## DATASET RECORDS
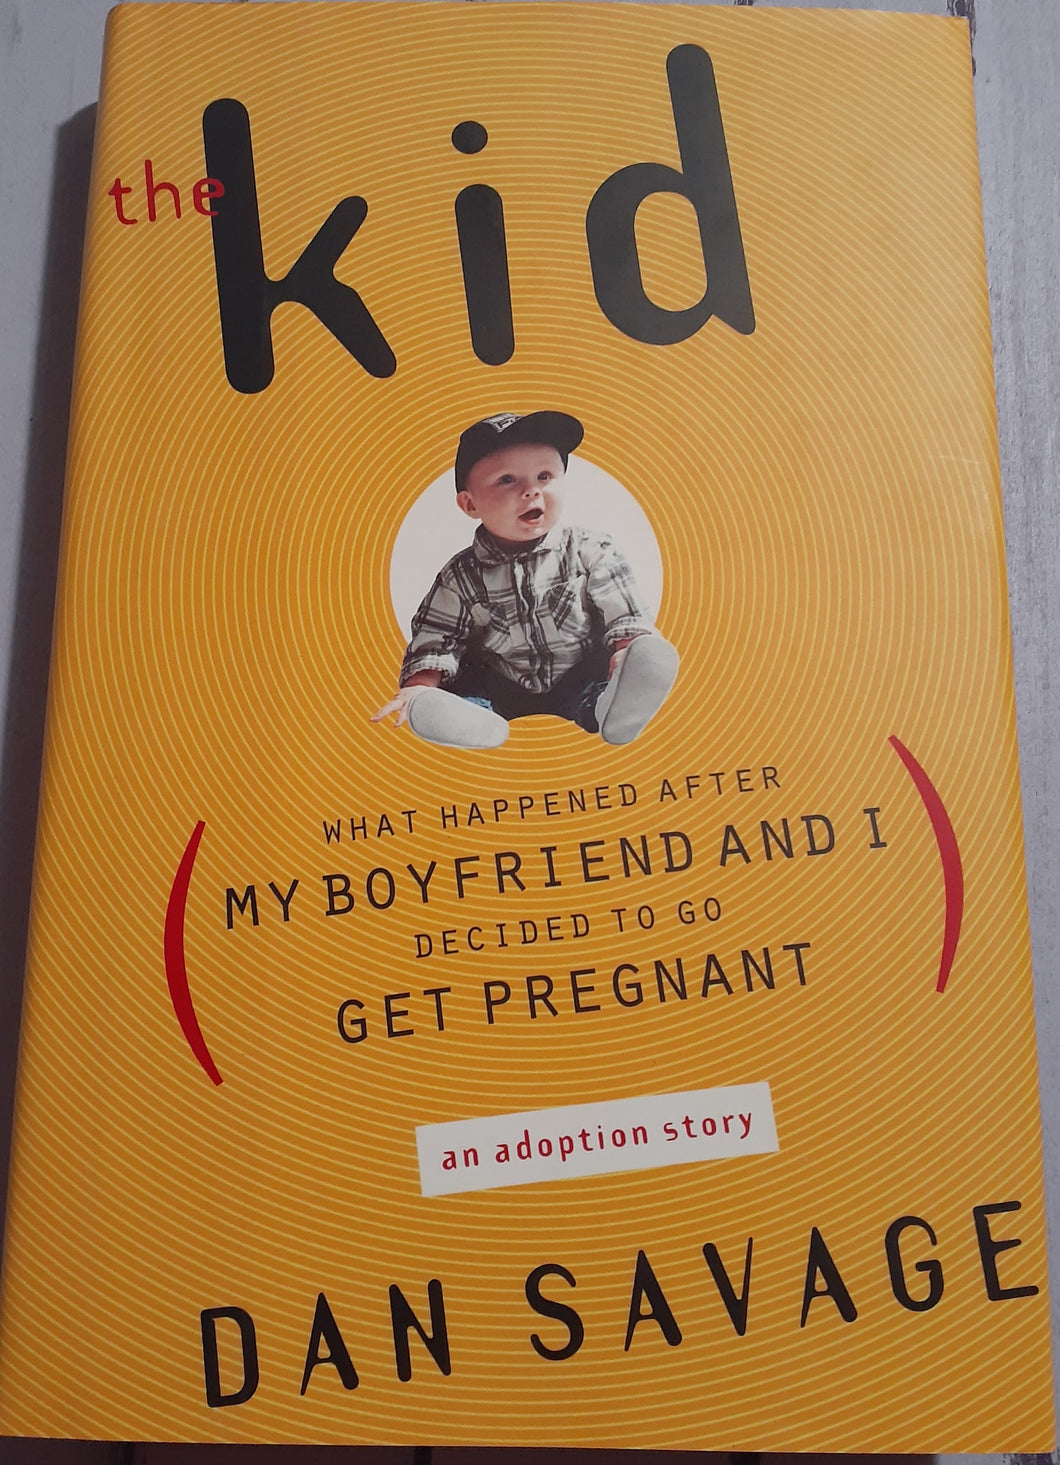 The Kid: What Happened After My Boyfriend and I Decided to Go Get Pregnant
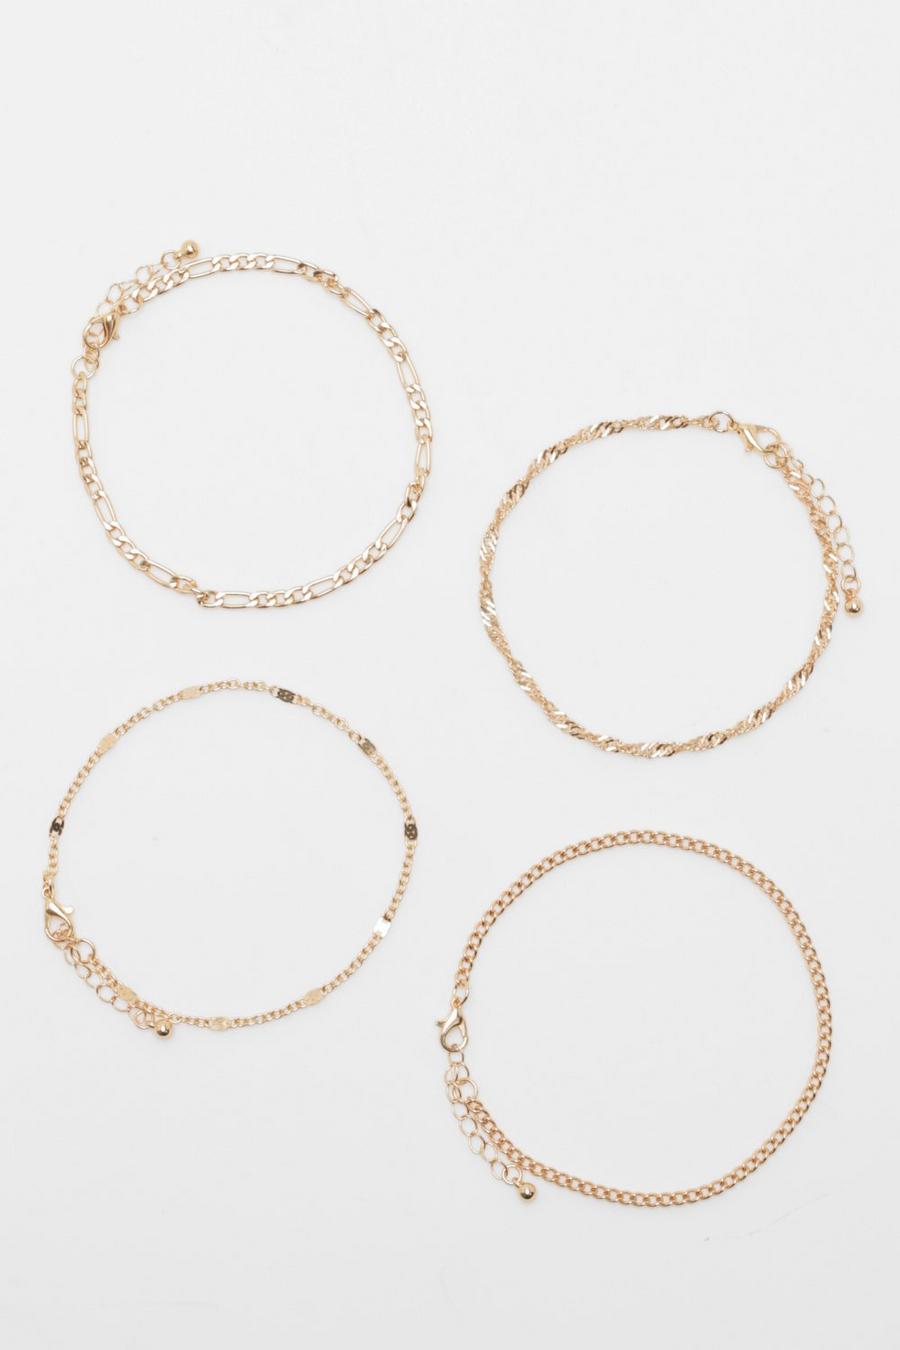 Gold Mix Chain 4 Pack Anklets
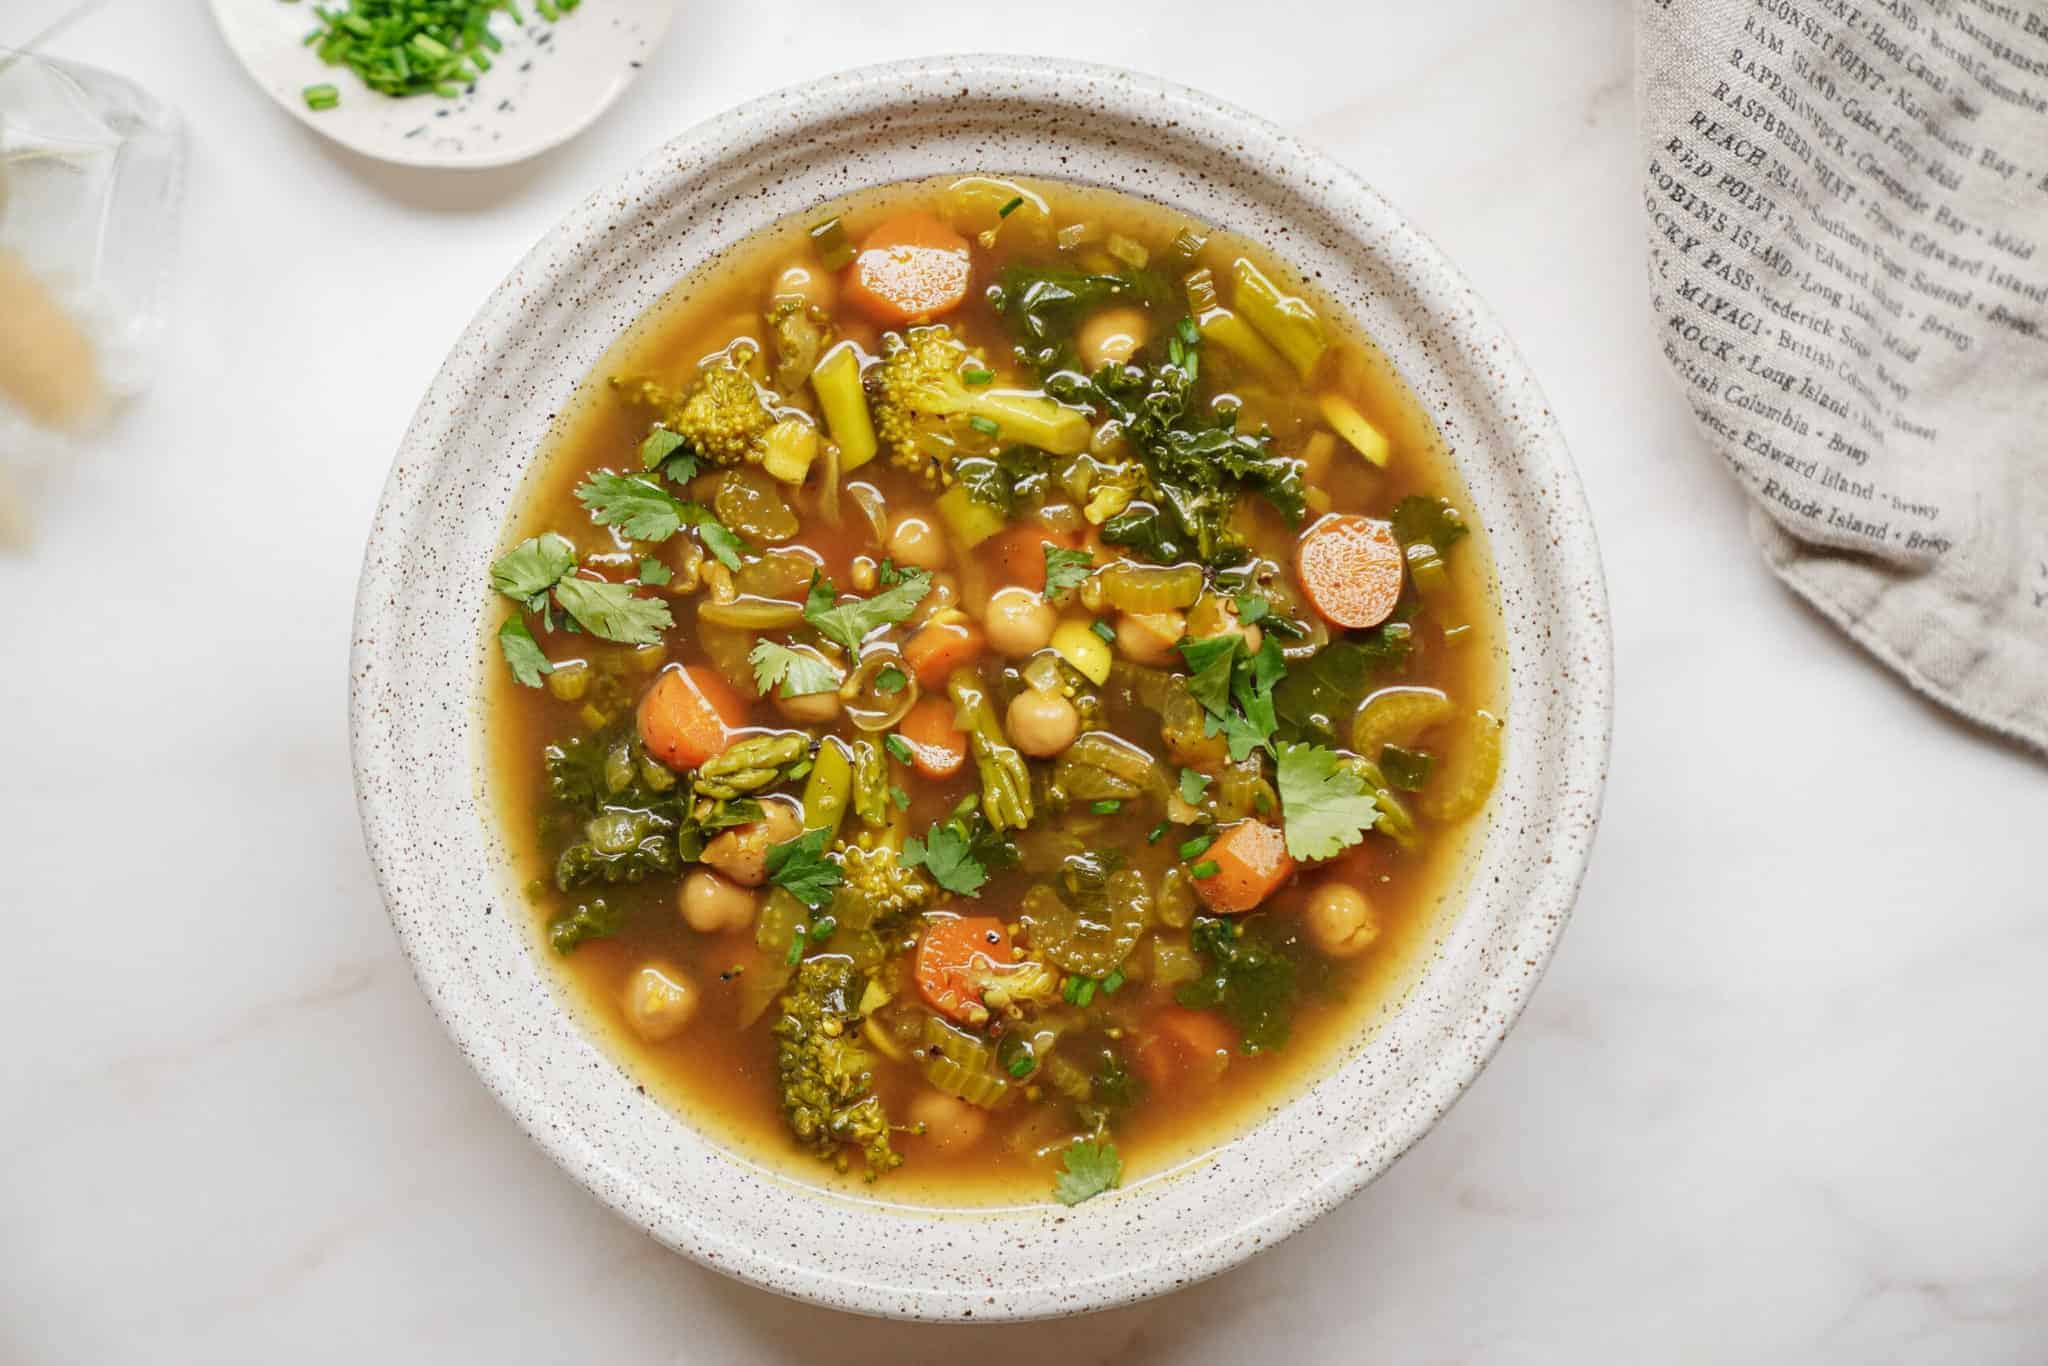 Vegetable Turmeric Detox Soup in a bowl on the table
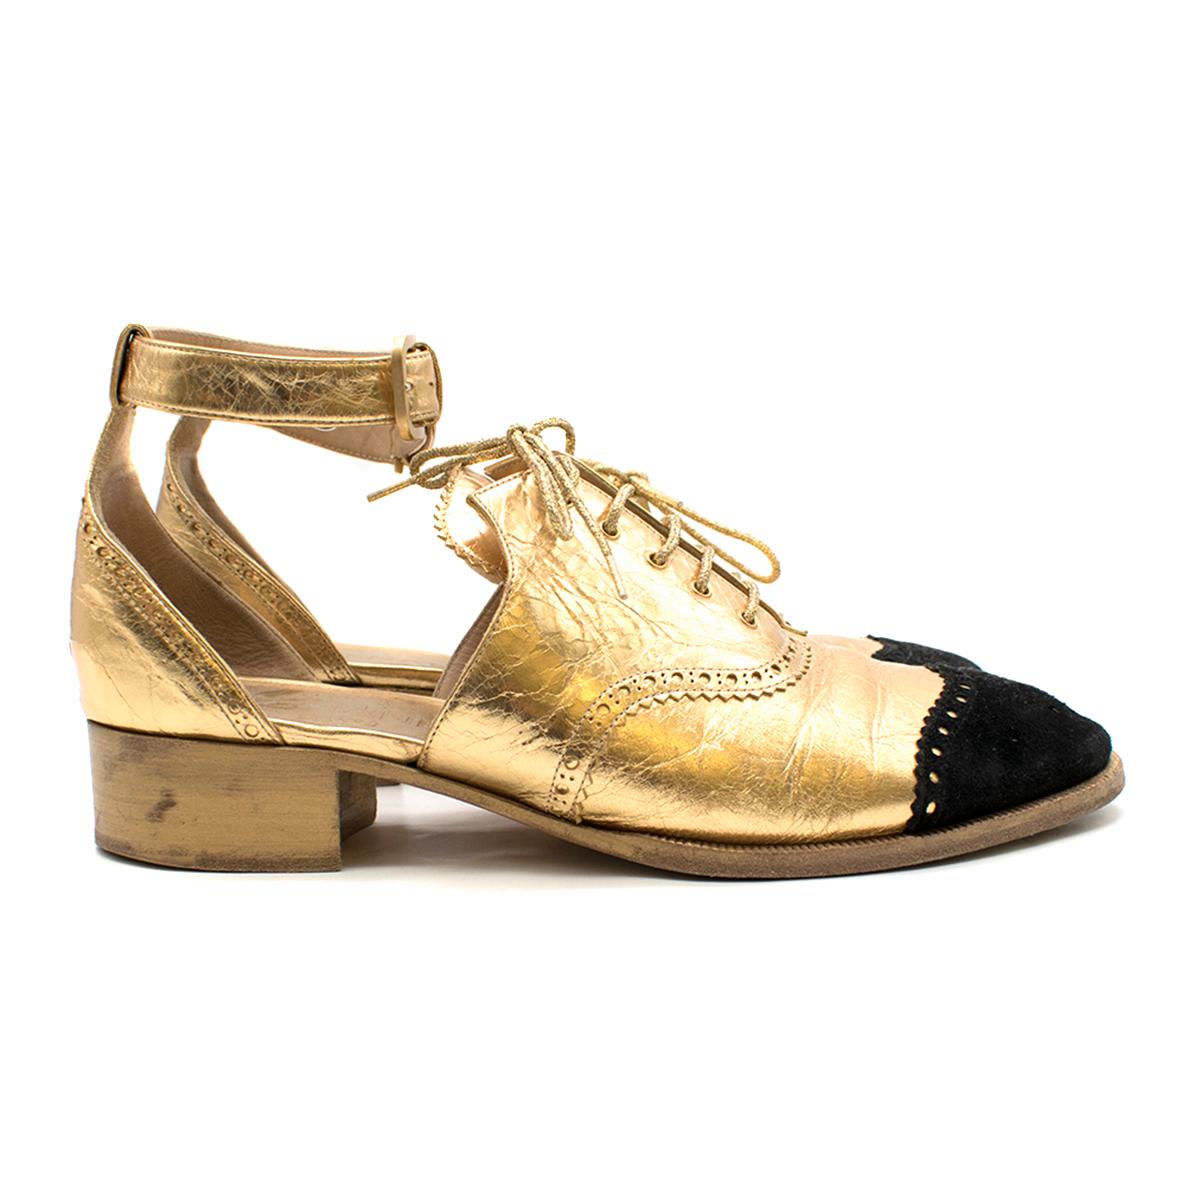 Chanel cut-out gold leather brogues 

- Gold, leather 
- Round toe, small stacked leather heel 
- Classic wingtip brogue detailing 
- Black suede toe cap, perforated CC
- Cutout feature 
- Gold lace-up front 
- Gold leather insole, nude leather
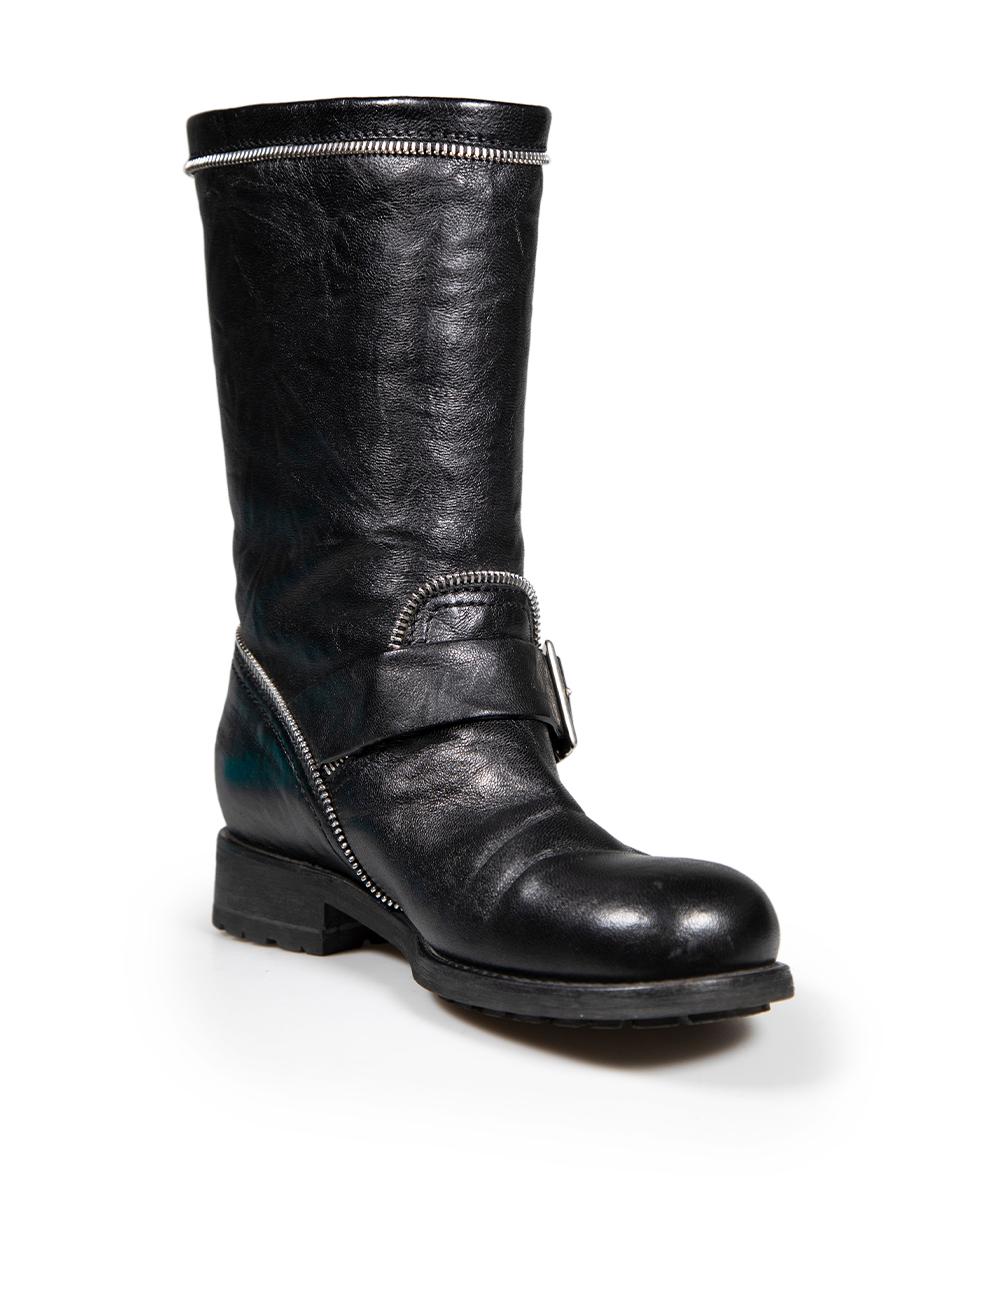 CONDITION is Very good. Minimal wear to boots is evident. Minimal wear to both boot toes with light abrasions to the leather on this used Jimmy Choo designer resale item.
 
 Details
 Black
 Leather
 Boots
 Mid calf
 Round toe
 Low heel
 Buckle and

## WHAT THE EXERCISE ASKS
Take each line of the material that contains the word "Round" and list it.

## FINISHED TASK
- Round toe, small stacked leather heel 
 Round toe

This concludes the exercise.